Activity
The answer must be the full listing, word for word, with no pictures in it.

Given data
[Start of section]

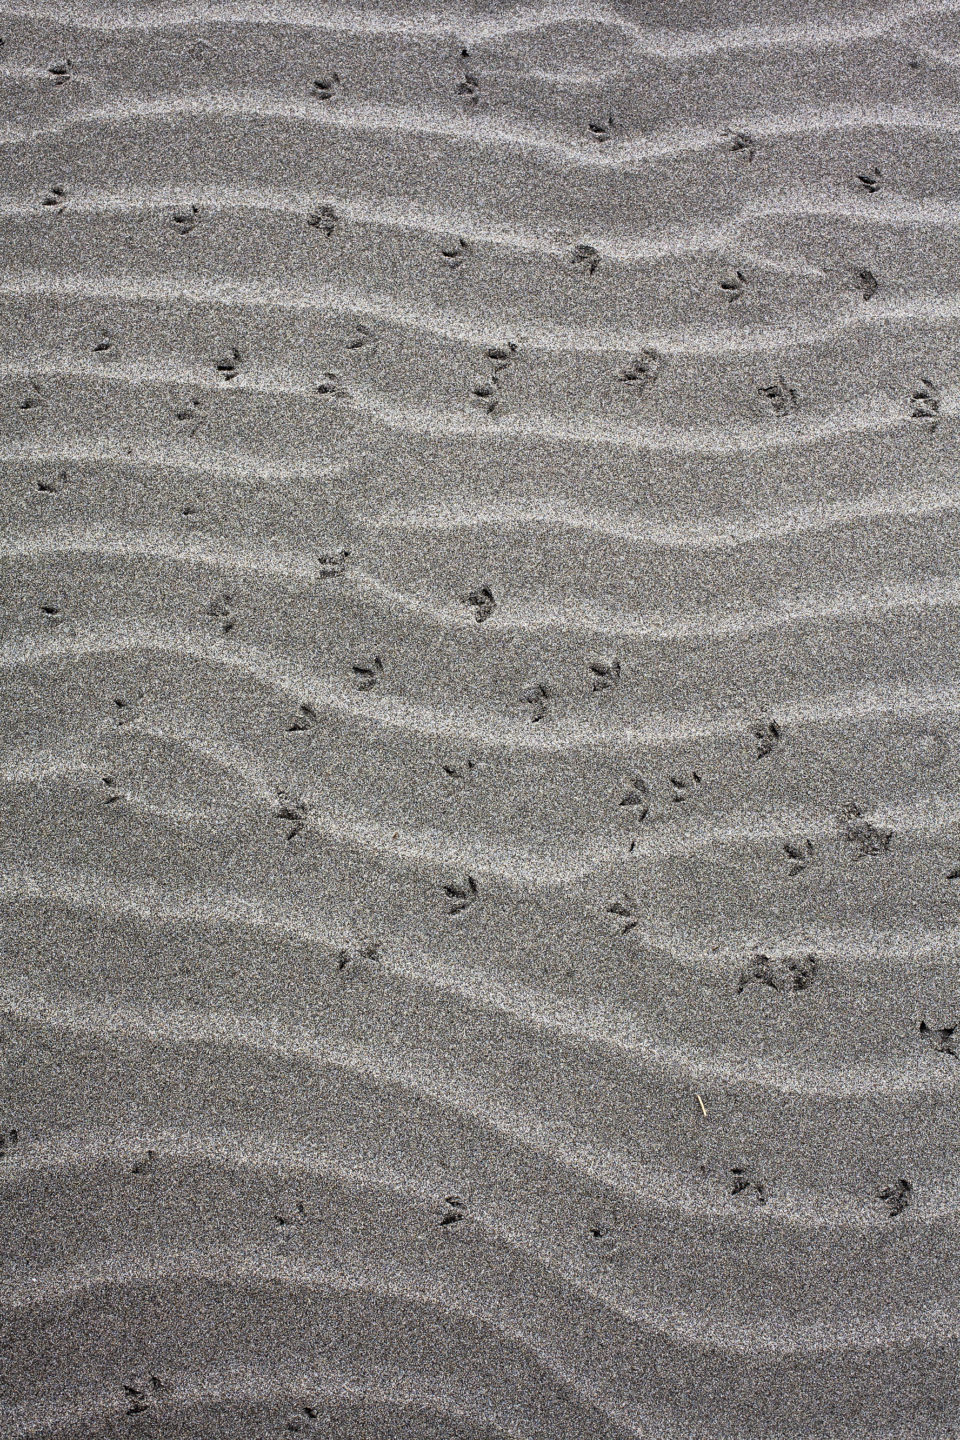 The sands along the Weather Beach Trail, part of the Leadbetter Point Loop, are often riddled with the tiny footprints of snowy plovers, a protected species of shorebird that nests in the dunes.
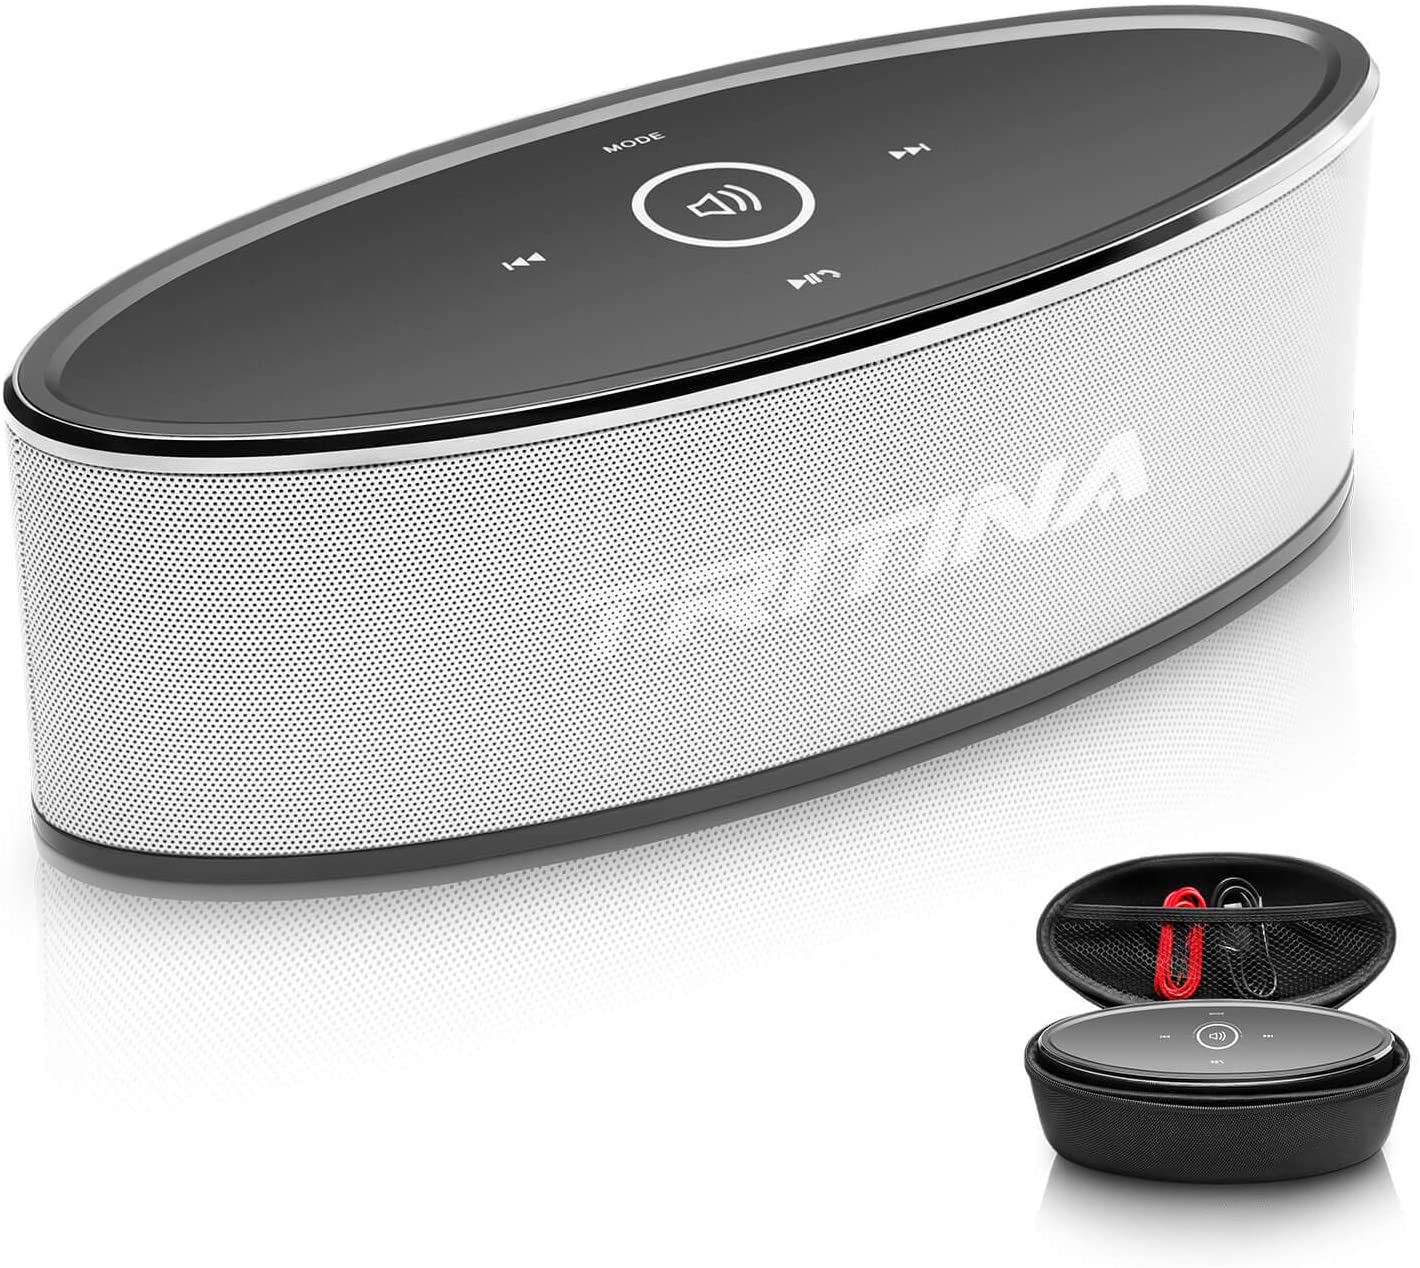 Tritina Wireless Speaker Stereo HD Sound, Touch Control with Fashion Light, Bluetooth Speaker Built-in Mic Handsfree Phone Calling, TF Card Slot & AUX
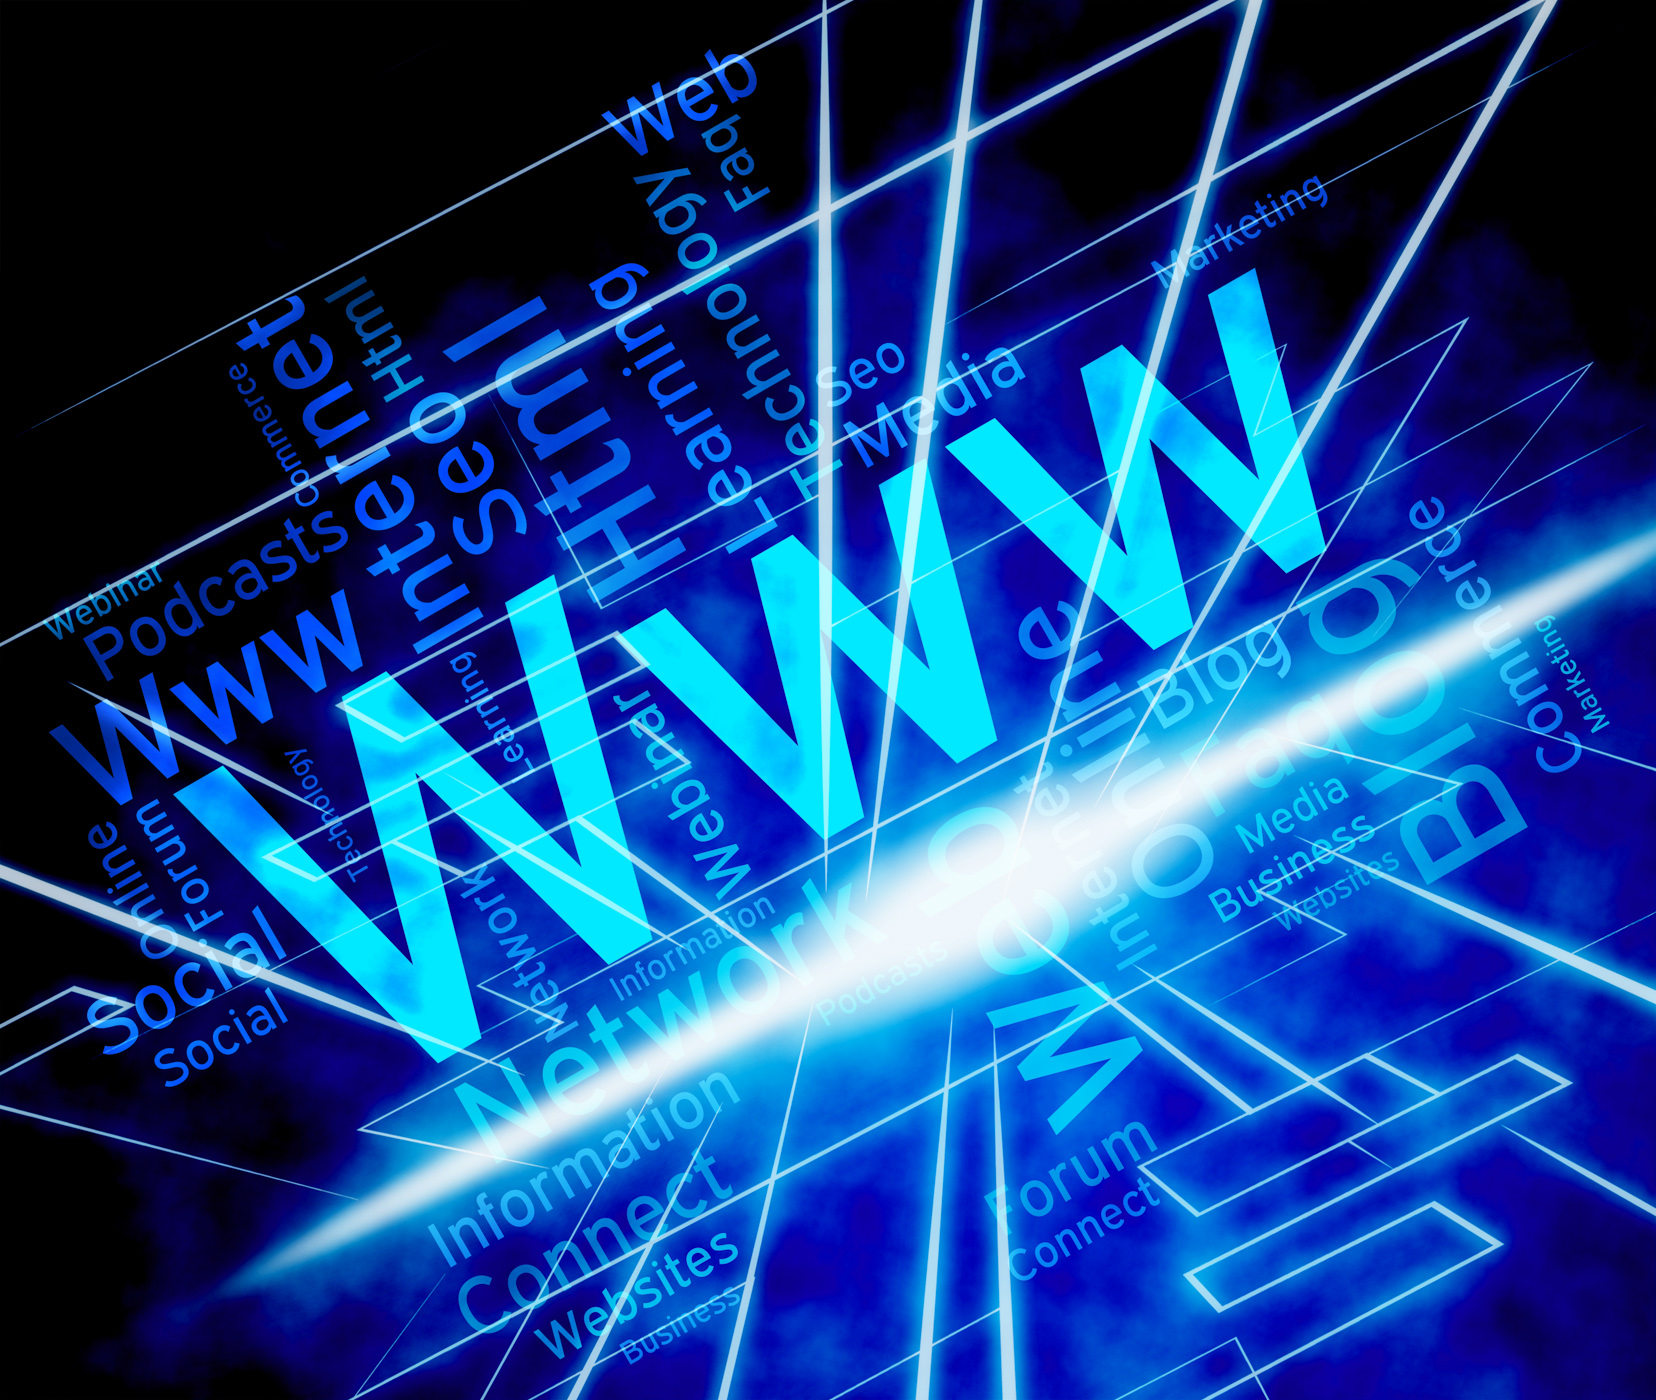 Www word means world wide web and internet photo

[End of section]

Exercise result
 The sands along the Weather Beach Trail, part of the Leadbetter Point Loop, are often riddled with the tiny footprints of snowy plovers, a protected species of shorebird that nests in the dunes.
 Tritina Wireless Speaker Stereo HD Sound, Touch Control with Fashion Light, Bluetooth Speaker Built-in Mic Handsfree Phone Calling, TF Card Slot & AUX
 Www word means world wide web and internet photo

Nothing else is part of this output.